I spent an extremely hectic and intellectually stimulating week in Berlin. Despite my reasonable following of German politics (nobody interested in Europe can afford to ignore German politics) I was unprepared for the extent of the malaise that appeared in almost every conversation. During that week, I gave a talk on my new book “Visions of Inequality”, had a presentation on global inequality and a panel discussion with the Confederation of German Trade Unions, and participated at the opening of a website on wealth inequality in Germany. I thus met people from different walks of life: academics, trade unionists and people close to the ruling SPD, researchers of inequality, several journalists who interviewed me, and even several politicians who gave talks at various occasions. But neither in their public talks nor in private conversations, could I fail to observe a large dose of pessimism.
What were the topics that fueled the pessimism? Here is an approximate list: inflation and dearness of energy, economic stagnation (near zero growth), the rise of the extreme right, political paralysis, loss of exports to China, decline of German car technology, high wealth inequality, imperfect assimilation of foreign-born population, inefficiency of German railways, dark streets in Berlin (saving of energy), full political dependence on the US. One could go on depending on the person I talked to, chance movements of conversation, and the daily mood.
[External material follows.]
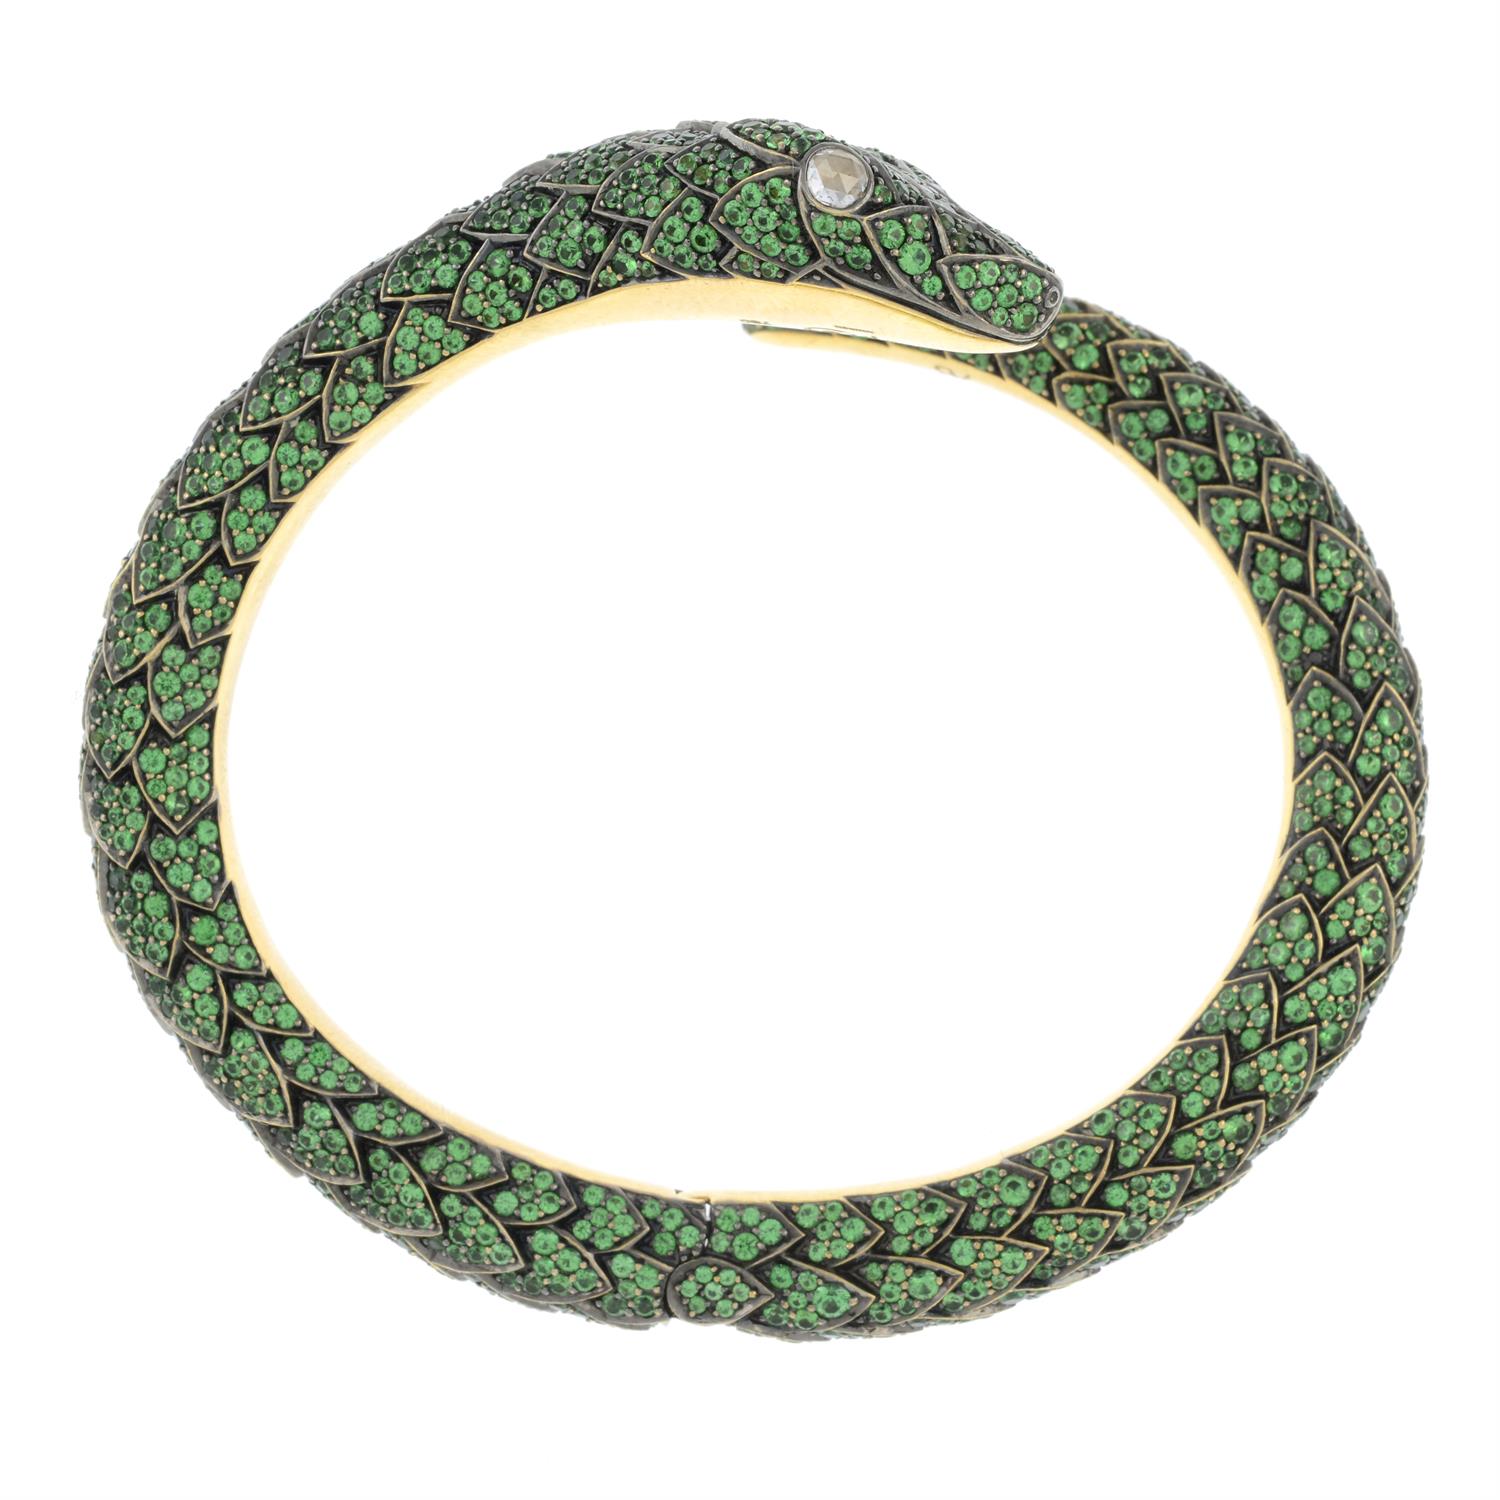 18ct gold gem 'Protector' snake bangle, by Asprey - Image 6 of 6

To a foreign observer who might have disembarked into Germany not knowing much, that pessimism seems exaggerated. On the positive side of the current ledger one could list the overall wealth of the country, acceptance of more than 1 million Syrian refugees and almost as many from Ukraine, and full employment. Yet the negative tones dominate.
I think that the pessimistic mood dominates not only because of the current wars in Ukraine and in Israel/Palestine, and general uncertainty that has enveloped the world, and Europe in particular, but because of the resonance of current concerns with the events from one hundred years ago in Germany. It seemed to me that the current events played on three important German fears: runaway inflation, wrecking of democracy, and the rise of antisemitism. All three are grounded in the Weimar period, and like a person who has been once poisoned, the fear of a similar outcome is not assessed by the actual strength of the current “poison” but by past memories.
The fear of inflation that largely destroyed the credibility of the Weimar republic is well known. It has been behind extremely cautious German monetary and fiscal policies ever since the end of the World War II. The difference between the inflation of 1921-23 that attained at its peak the monthly rate of 30,000 percent, and the current single-digit annual inflation is enormous. Yet, the present inflation is driven by the rise in the prices of staples like energy and food. Its impact—however small in numbers—seems disproportionate. It affects poorer segments of the population much more than the rich.
This in turn raises, more acutely than before, the issue of wealth inequality and redistribution. Despite many years of social-democratic rule and an extensive welfare state, German wealth inequality is very high. According to SOEP household survey, 39 percent of the German population has zero (or quasi zero) net financial wealth, and almost 90 percent of the population rather negligible net financial, or non-housing, wealth (reflected in the fact that their monthly income from property is under 100 euros per person). This makes German wealth inequality (depending on the metric one uses) equal or even greater than the very high US wealth inequality. A feeling that many large fortunes are hidden or enjoy tax shelters thanks to different European schemes and tax competition between the EU countries, adds to the feeling of unfairness.
The second fear is that of fragility of democracy. That fear too seems, on the face of numbers, vastly exaggerated. But the full establishment of the Alternativ für Deutschland as a stable parliamentary party with about 10% of the vote, and not a passing fad like the Republicans in the past, serves as a reminders of a non-negligible chance of a sharp movement to the right, or of the right’s indirect influence on the coalition governments (of whatever hue they may be). There is of course no direct denial of democratic way of government by the AfD, nor (it would seem) any likelihood of them coming to power as a dominant member of a coalition, but the inchoate fear that one detects is more like a concern of a gradual erosion of democracy along the lines of what has happened in Hungary and perhaps in Poland. Both the form and some essential features of democracy may be retained but other essential features may be gradually diluted.
The third fear is, in a way, the most irrational but does not seem to me absent. Germany’s strong, and perhaps excessive, support for Israel in the current war in the Middle East has its obvious roots in the Shoah and the atonement for those crimes which the German public opinion and politicians have since the establishment of the Federal Republic put on a level of an almost core principle, equal to democratic governance and judiciary independence. The irony is that an excessive zeal in atonement might lead to the unquestionable acceptance of policies that lead to crimes committed against civilian populations. Germany thus faces an almost Greek-like drama: the desire to correct for past misdeeds may lead to the acceptance of current misdeeds.
The three fears displayed in the already gloomy atmosphere of the European global economic decline, unremitting immigration pressures from the South that Europe is unable to accommodate (as shown by the closing of frontiers in Nordic countries), its energy dependence, and absence of a distinct political voice, made me look at the unusually dark streets in Berlin—and indeed at well-lit and cheerful clubs and restaurants—with a somewhat greater foreboding than they deserve.